Council framing agencies' security picture

CIO Council's Security, Privacy and Critical Infrastructure ProtectionCommittee

With the availability of a tool to help agencies assess the adequacy of

their security programs, the federal CIO Council is asking the administration

to encourage agencies to reach a common baseline by next summer.

The council's Security Subcommittee is close to releasing its Federal

Information Security Assessment Framework. The methodology is designed to

help agencies measure their programs on five levels and then develop plans

to improve their security.

The framework has undergone several drafts, and the first version should

be released before the end of the month.

The council is asking the Office of Management and Budget to recommend

that agencies use the framework to complete an initial security assessment

by March 2001 and reach the framework's second level by summer, said John

Gilligan, co-chairman of the council's Security, Privacy and Critical Infrastructure

Protection Committee.

The framework was intended to help Congress, especially Rep.
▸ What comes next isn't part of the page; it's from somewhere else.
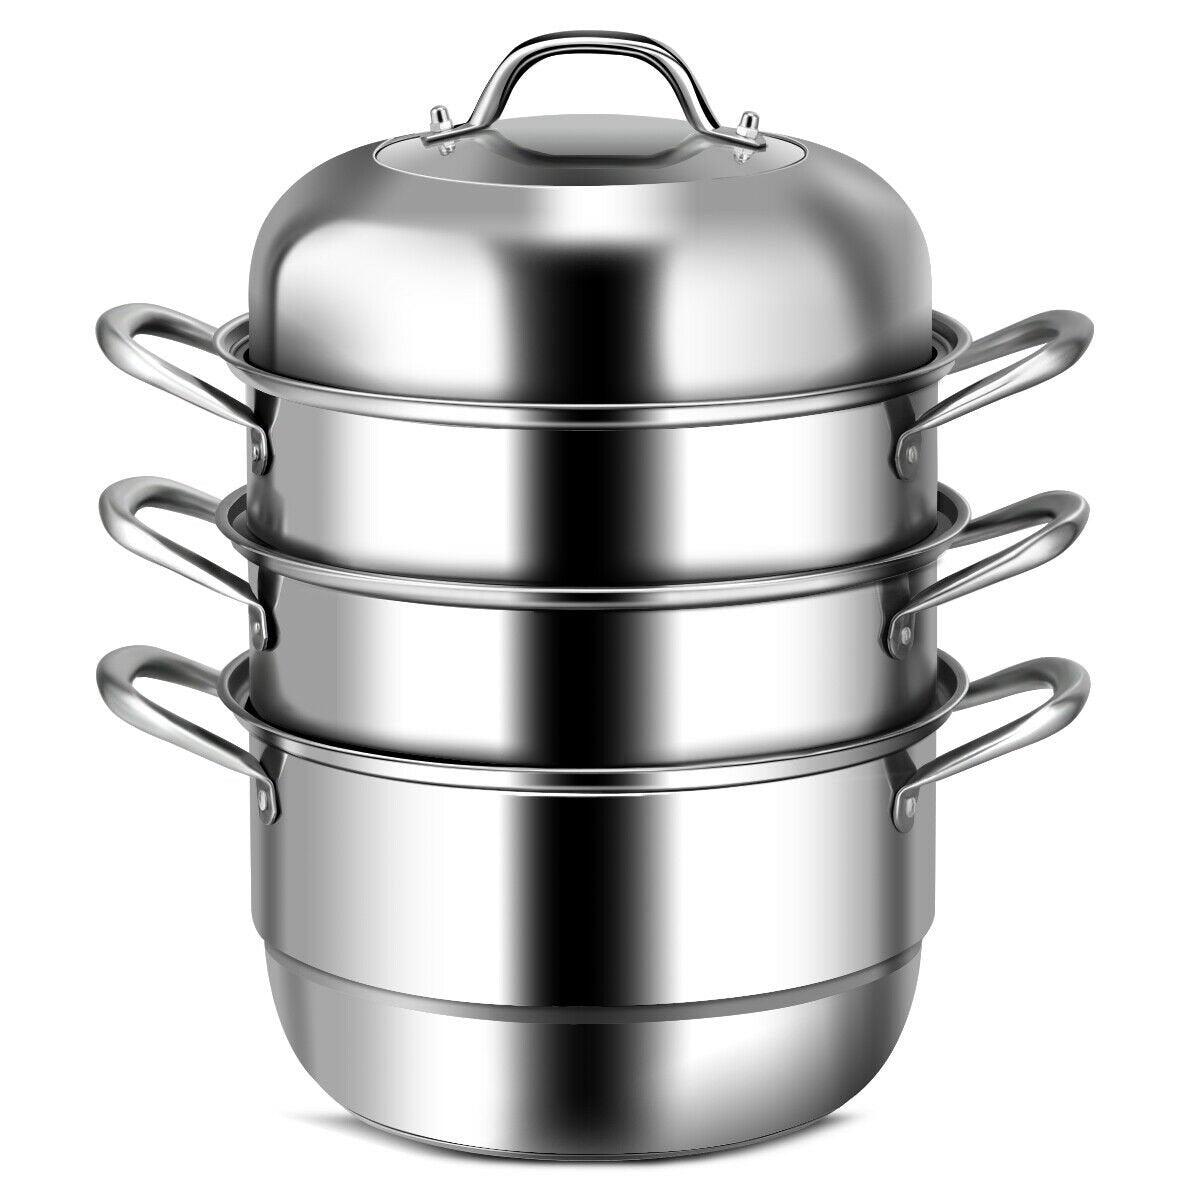 3 Tier Stainless Steel Cookware Pot Saucepot Steamer, Silver

Stephen

Horn (R-Calif.), grade agencies' security programs. But Horn proceeded with

the grades — the government received a D-minus overall — and now agencies

can use the framework as a guide while OMB tries to improve federal security,

Gilligan said.

The next version of the framework will include a checklist being developed

by the National Institute of Standards and Technology. The checklist will

identify criteria that agencies need to meet to comply with the level designations,

said Brian Burns, deputy CIO at the Department of Health and Human Services

and chairman of the council's security framework working group.